* Directions
Scan the records below for the line with "Shehzada Limited Edition - Gift Box" and the line with "Dylon Hand Fabric Dye Tropical Green". Repeat those two lines and every line between them exactly, and nothing else.

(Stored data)
____

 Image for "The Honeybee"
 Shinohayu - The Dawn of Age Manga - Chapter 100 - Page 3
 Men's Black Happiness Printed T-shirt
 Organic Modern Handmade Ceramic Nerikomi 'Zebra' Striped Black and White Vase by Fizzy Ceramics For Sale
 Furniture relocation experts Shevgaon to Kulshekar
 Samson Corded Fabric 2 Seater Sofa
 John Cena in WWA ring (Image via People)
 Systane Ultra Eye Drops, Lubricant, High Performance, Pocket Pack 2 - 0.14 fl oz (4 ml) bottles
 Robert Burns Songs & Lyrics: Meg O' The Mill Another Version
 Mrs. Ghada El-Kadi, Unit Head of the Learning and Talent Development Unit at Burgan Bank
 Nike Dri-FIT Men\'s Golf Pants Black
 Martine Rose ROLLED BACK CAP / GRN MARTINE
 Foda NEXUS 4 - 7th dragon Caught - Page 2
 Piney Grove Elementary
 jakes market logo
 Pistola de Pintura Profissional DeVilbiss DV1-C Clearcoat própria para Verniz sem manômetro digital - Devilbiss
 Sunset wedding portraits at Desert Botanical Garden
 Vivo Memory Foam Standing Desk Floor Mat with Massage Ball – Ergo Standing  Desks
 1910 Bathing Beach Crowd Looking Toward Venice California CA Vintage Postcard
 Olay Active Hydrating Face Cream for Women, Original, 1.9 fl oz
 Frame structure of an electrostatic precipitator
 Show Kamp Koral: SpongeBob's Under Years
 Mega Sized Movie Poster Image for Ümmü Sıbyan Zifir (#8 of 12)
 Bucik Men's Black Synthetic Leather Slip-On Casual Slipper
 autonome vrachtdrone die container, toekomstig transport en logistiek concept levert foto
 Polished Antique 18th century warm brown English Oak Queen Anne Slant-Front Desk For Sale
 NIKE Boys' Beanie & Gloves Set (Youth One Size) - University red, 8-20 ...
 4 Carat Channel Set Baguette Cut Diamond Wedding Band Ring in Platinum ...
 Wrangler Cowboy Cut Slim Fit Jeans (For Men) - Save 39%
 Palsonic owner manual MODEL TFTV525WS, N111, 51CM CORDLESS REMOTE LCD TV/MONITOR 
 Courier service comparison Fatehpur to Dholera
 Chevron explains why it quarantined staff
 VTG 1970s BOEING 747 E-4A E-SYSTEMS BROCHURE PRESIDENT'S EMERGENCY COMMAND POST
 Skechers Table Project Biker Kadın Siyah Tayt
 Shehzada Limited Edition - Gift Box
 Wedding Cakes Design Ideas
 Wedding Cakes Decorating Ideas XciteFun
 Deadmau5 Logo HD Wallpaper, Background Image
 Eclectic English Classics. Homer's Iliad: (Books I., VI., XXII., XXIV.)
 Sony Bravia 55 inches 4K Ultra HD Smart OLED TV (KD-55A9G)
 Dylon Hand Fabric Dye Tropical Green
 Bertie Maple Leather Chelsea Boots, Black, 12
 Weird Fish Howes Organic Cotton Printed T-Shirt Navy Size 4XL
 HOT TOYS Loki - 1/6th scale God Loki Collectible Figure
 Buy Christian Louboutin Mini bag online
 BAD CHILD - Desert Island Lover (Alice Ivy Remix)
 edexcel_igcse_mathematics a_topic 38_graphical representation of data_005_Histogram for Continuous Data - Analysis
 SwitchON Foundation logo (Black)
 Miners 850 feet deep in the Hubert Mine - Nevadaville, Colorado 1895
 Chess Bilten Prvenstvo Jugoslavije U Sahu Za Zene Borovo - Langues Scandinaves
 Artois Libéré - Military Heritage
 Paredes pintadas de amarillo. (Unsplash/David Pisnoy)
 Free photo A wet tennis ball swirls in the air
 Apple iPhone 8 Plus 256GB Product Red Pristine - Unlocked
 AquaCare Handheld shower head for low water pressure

____

* Exercise result
 Shehzada Limited Edition - Gift Box
 Wedding Cakes Design Ideas
 Wedding Cakes Decorating Ideas XciteFun
 Deadmau5 Logo HD Wallpaper, Background Image
 Eclectic English Classics. Homer's Iliad: (Books I., VI., XXII., XXIV.)
 Sony Bravia 55 inches 4K Ultra HD Smart OLED TV (KD-55A9G)
 Dylon Hand Fabric Dye Tropical Green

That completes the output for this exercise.